Peter Wheelers car, he took it home once :wink: (nuff said)


----------



## J55TTC (Apr 25, 2005)

Looks far too Max Power IMHO


----------



## robokn (Feb 21, 2006)

i think that there has been alot more thought gone into that car than anything that has graced the pages of Max


----------



## rustyintegrale (Oct 1, 2006)

Hate the colour... :lol:

Cheers

Rich


----------



## J55TTC (Apr 25, 2005)

robokn said:


> i think that there has been alot more thought gone into that car than anything that has graced the pages of Max


Oh absolutely!

I bet all the grilles, intakes and spoilers are functional, but it still looks like something on the cover of Max Power!

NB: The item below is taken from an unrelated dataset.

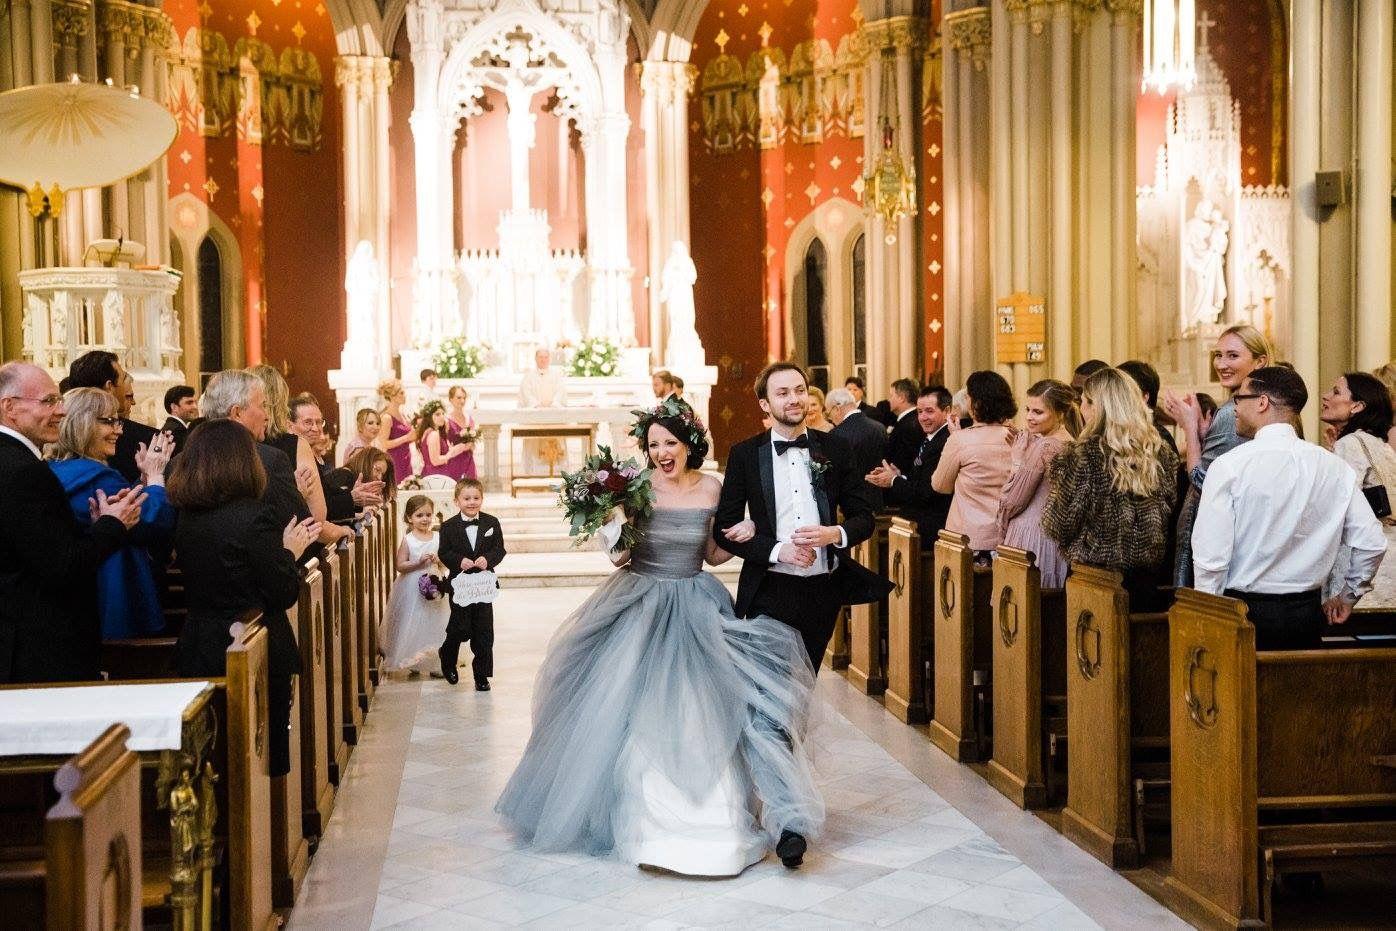 Sareh nouri marie antionette gray dress new orleans wedding sareh
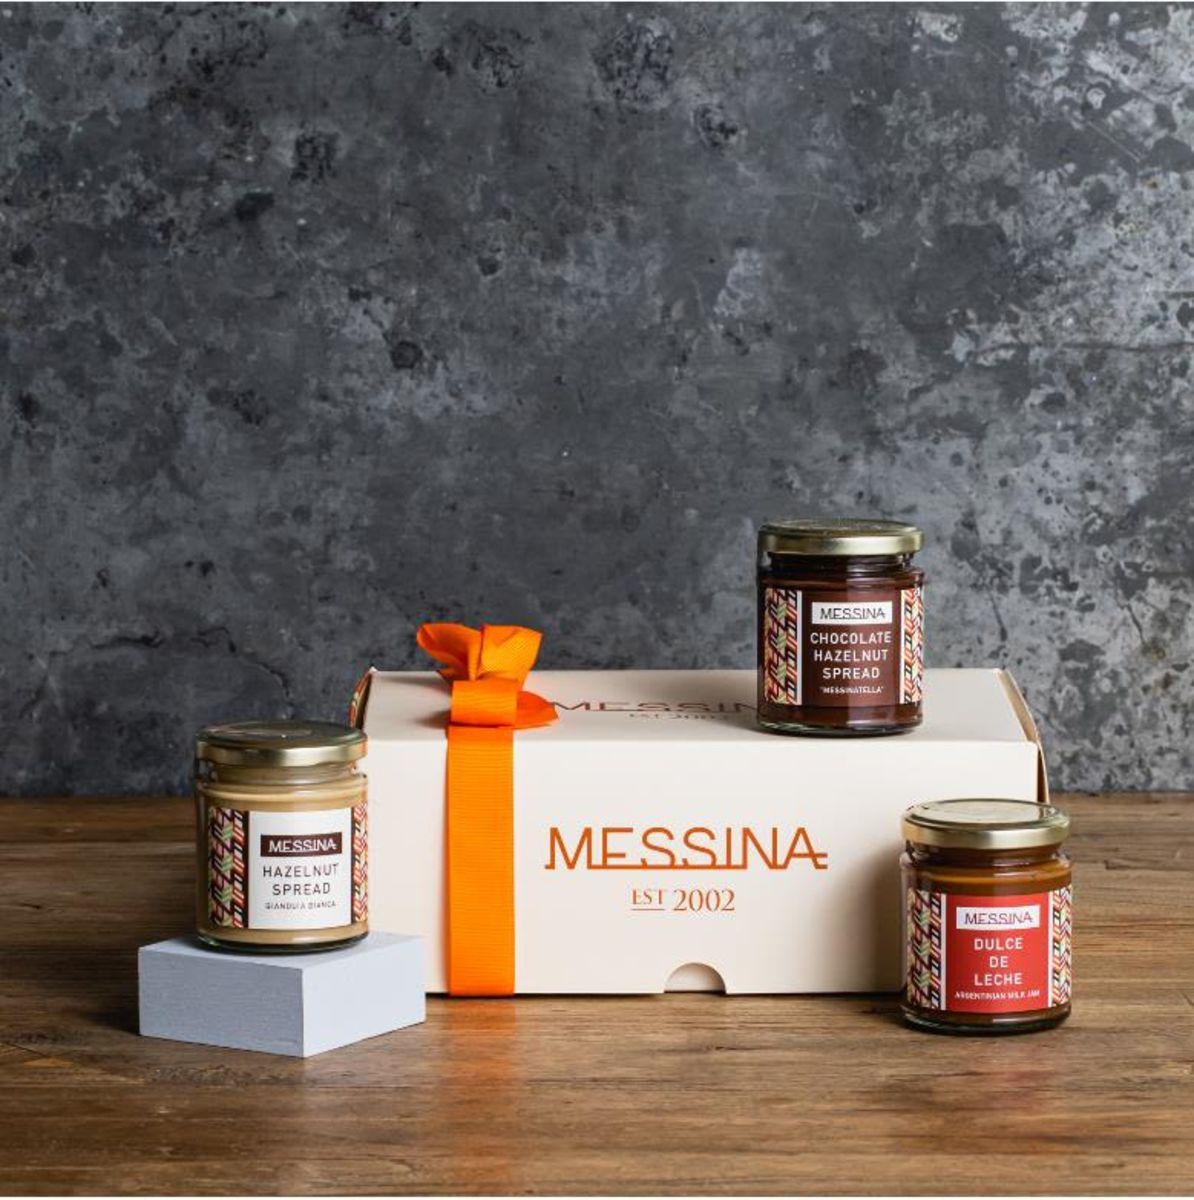 Messina Gift Pack

In fact Im sure I saw that big ef-off spoiler on the back of a nova the other day :lol:


----------



## John C (Jul 5, 2002)

Not bad for a Mk1 but personally I'll be waiting for the Mk2 version because that will be in Green. :roll:


----------



## GW1970 (Jul 4, 2005)

Nice little run around :roll:

er..no thanks, just look at that spoiler!


----------



## L7 (Aug 27, 2004)

Just went to place a bid  then decided it wasn't my cup of tea :lol:


----------



## Private Prozac (Jul 7, 2003)

Oh, please. Like you'd stick a car like that on e-bay!! :roll:


----------